Cataract surgery costs for dogs can be upwards of $3500 to $4500, depending on the veterinarian hospital.

If your dog has any underlying disease or complications, the surgery could cost more.  Keep reading to for tips on how to get a better price. It’s frustrating and stressful to hit a financial wall when all you want to do is look after your dog the best way possible.

One of the best ways to offset veterinarian costs is to have pet insurance. Of course, that’s not much help to you right now if you don’t already have it.

I’ve written this post to try and help you find little ways to best afford cataract surgery for dogs. In addition to explaining what cataracts are, how they are treated, and what you’ll need to do for home-care, I also share a few tips on how to get the best price possible.

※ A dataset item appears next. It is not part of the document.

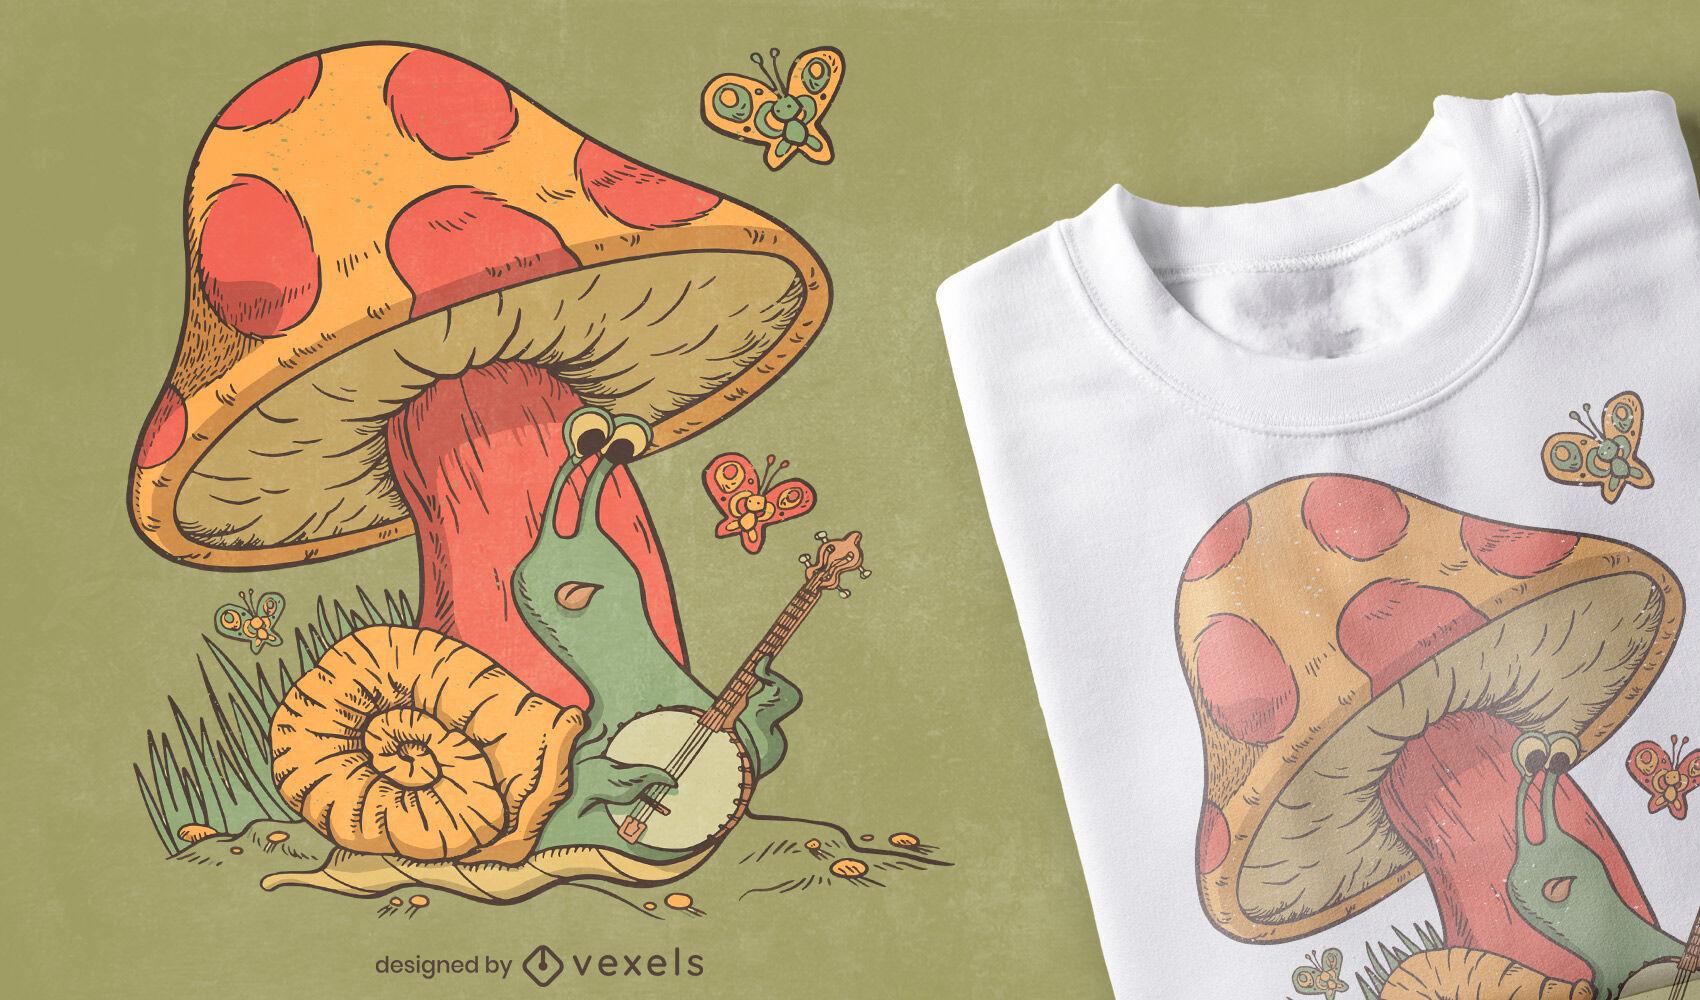 Snail playing banjo and mushroom t-shirt design

What is Included in the Cost of Cataract Surgery for Dogs?

Diagnostic Tests

This includes all of the things the veterinarian must do to determine the extent of the problem and whether there are any underlying conditions that could be contributing to the problem.

Diagnostic tests include using a tonometer to measure pressure in the eye.

When the veterinarian does this, he/she is actually checking to see if the dog is developing glaucoma. Glaucoma is a condition where pressure builds in the eye. A dog can have glaucoma and cataracts at the same time.

Other tests might include blood tests to see if your dog has developed diabetes or some other illness contributing to vision problems.

Dogs over 7 years of age are considered senior and prone to cataracts.
Dogs are considered to be senior by the time they read the age of 7 and are considered at risk of developing cataracts.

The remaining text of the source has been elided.